[Problem]: Repeat the listing that follows, character for character, minus the pictures.

Data below START

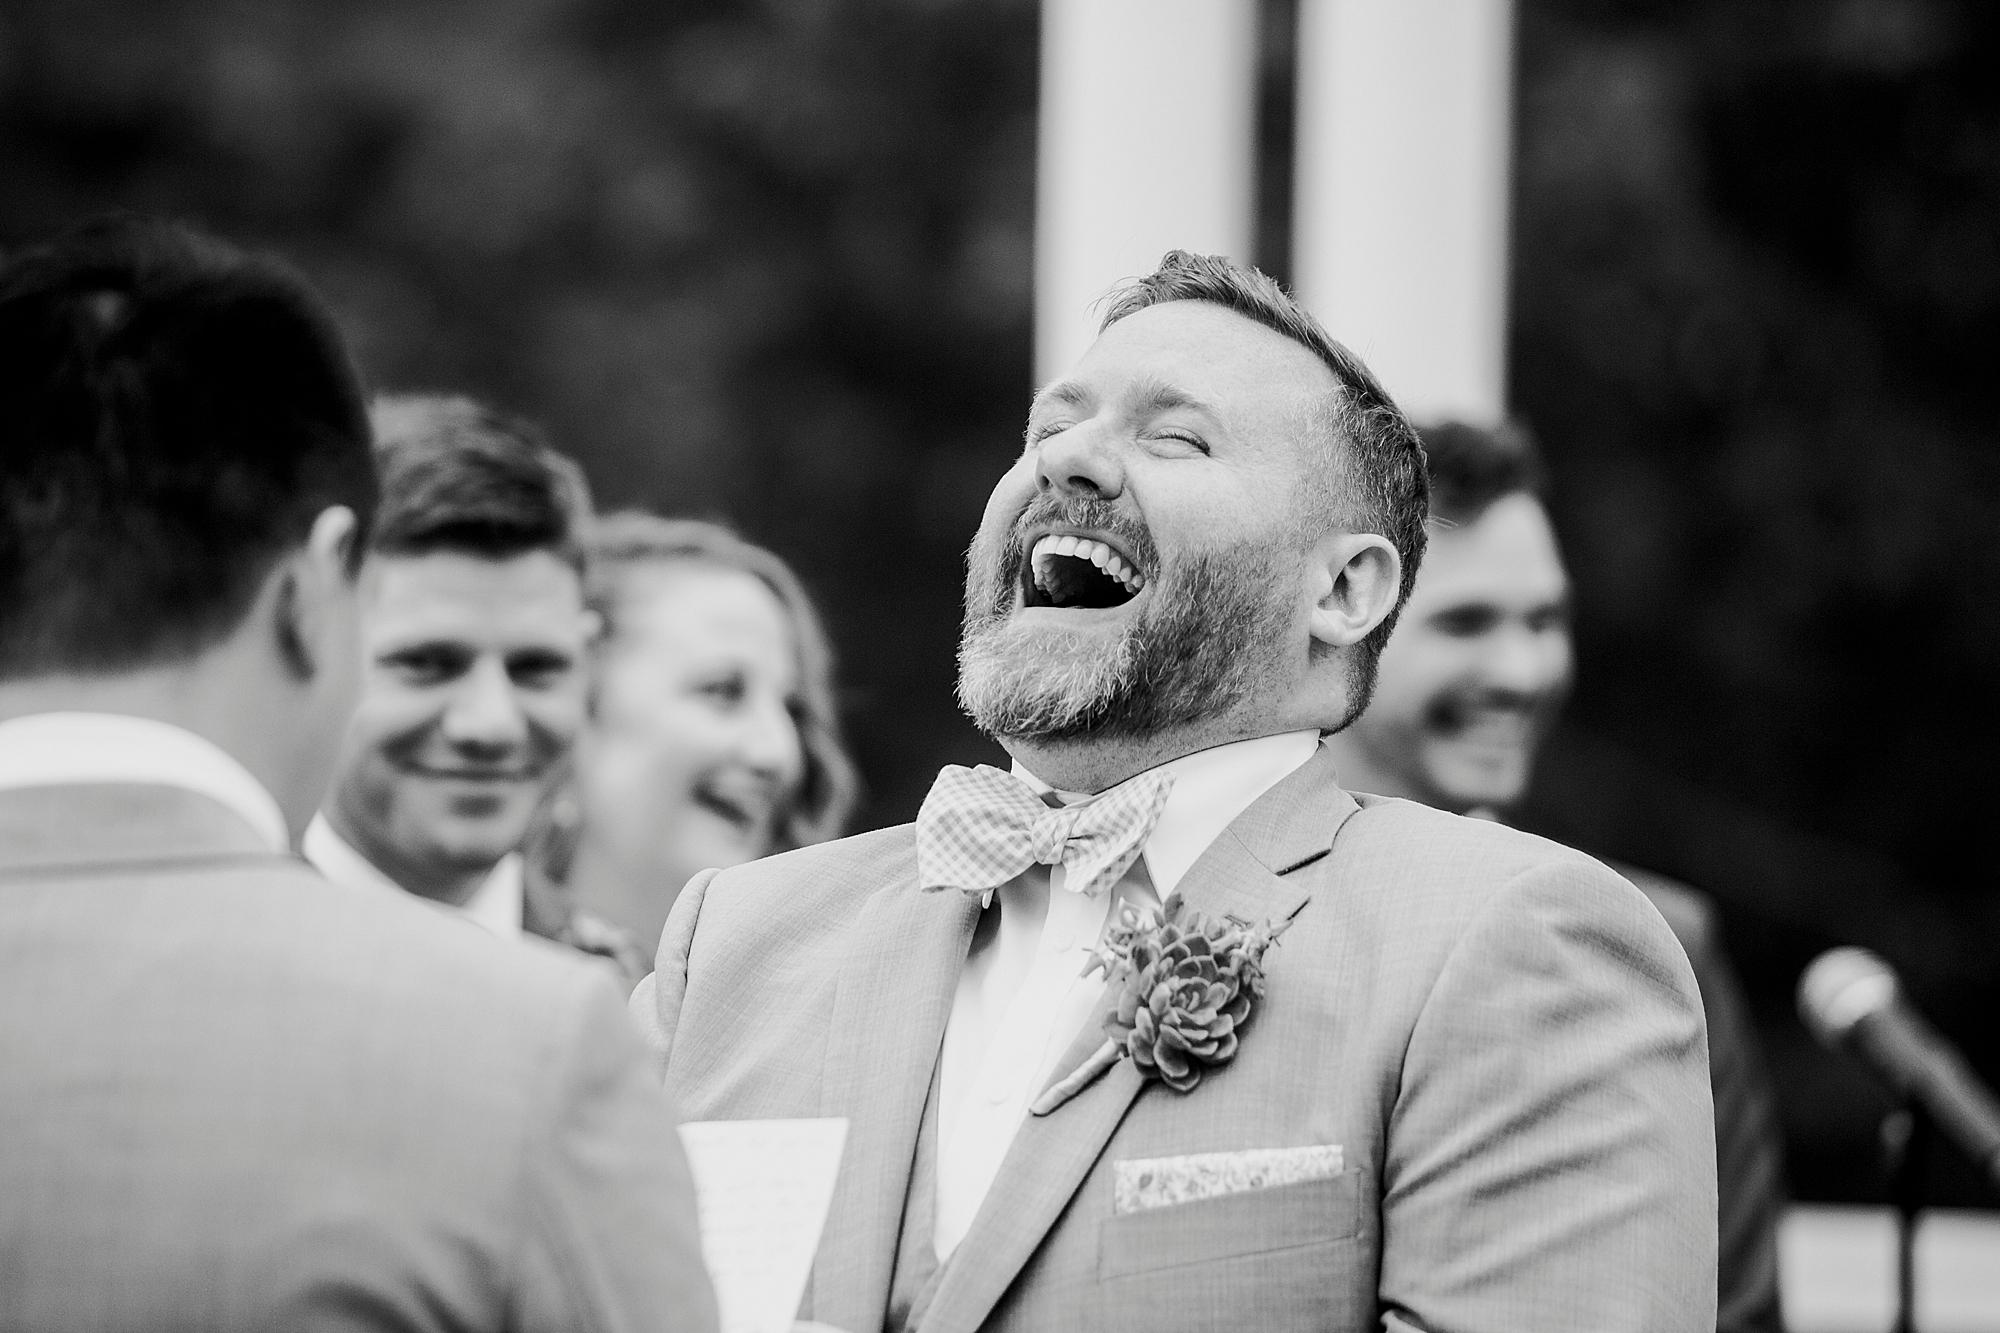 Dan_and_Byron_Love_by_Joe_Mac_Philadelphia_Wedding_LGBTQ_Photography_Gay_Independence_visitor_Center_99.JPG
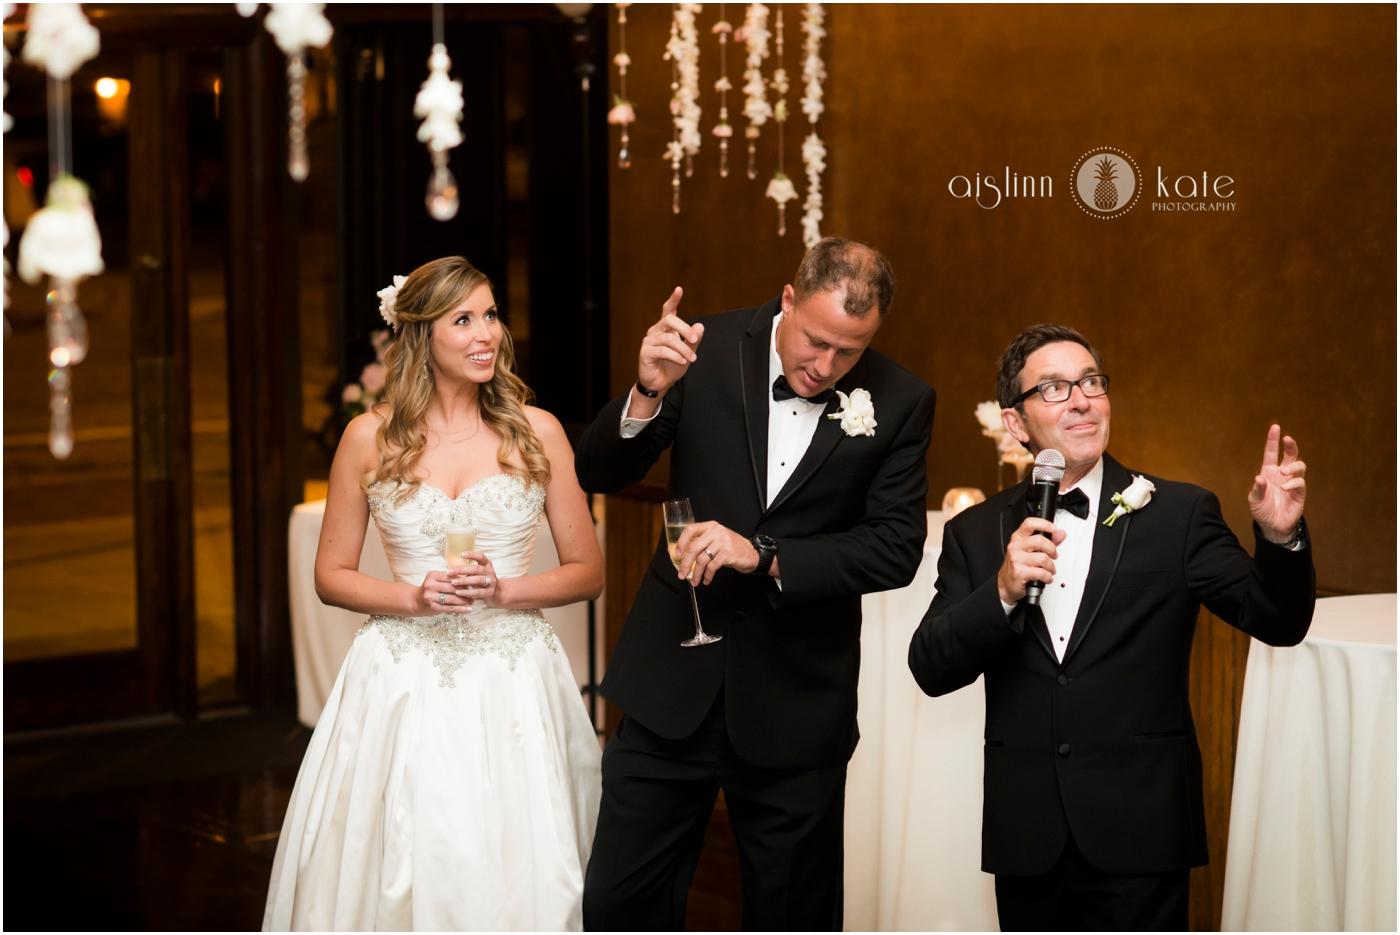 Pensacola-Destin-Wedding-Photographer_5559.jpg
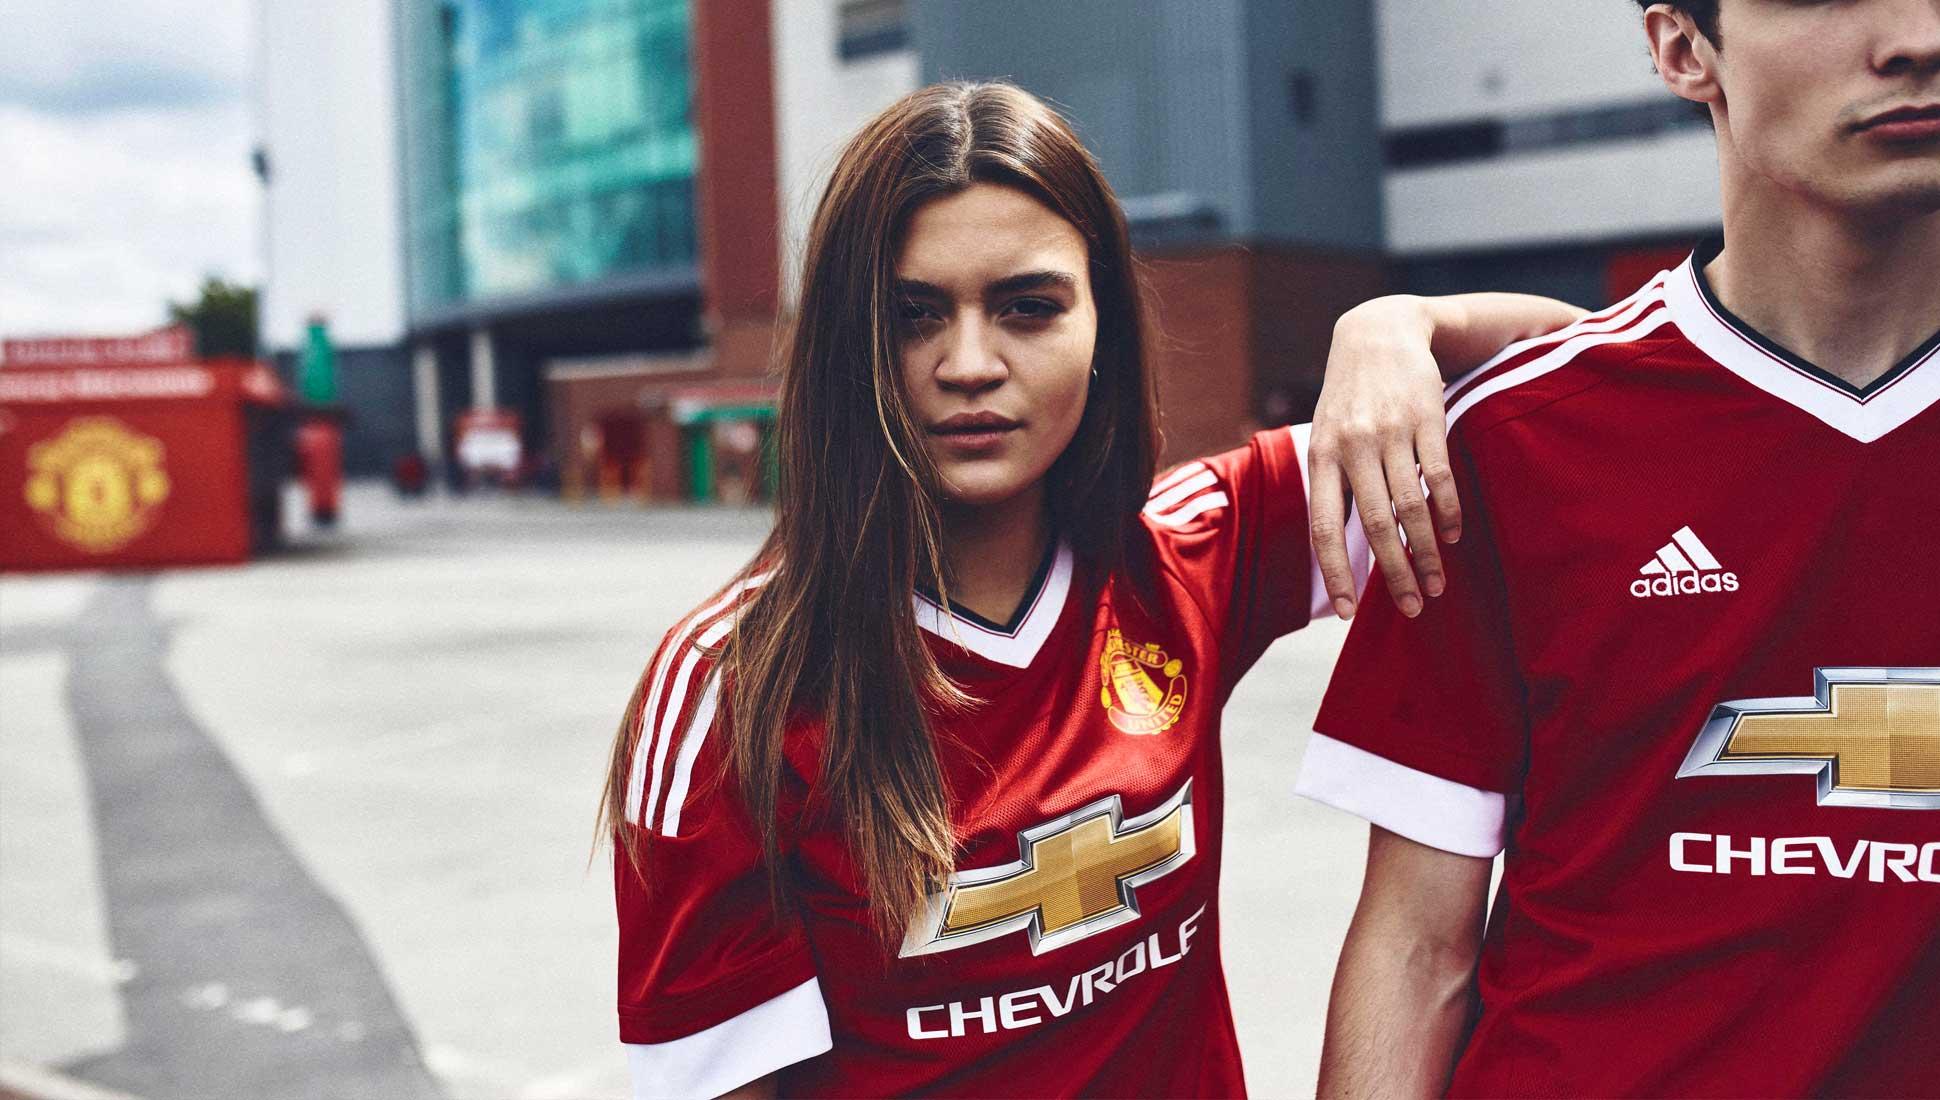 sale retailer 198dd 1aeed Man Utd Shirts 2015 16 - DREAMWORKS

Data below END

[Output of the task]:
 Dan_and_Byron_Love_by_Joe_Mac_Philadelphia_Wedding_LGBTQ_Photography_Gay_Independence_visitor_Center_99.JPG
 Pensacola-Destin-Wedding-Photographer_5559.jpg
 sale retailer 198dd 1aeed Man Utd Shirts 2015 16 - DREAMWORKS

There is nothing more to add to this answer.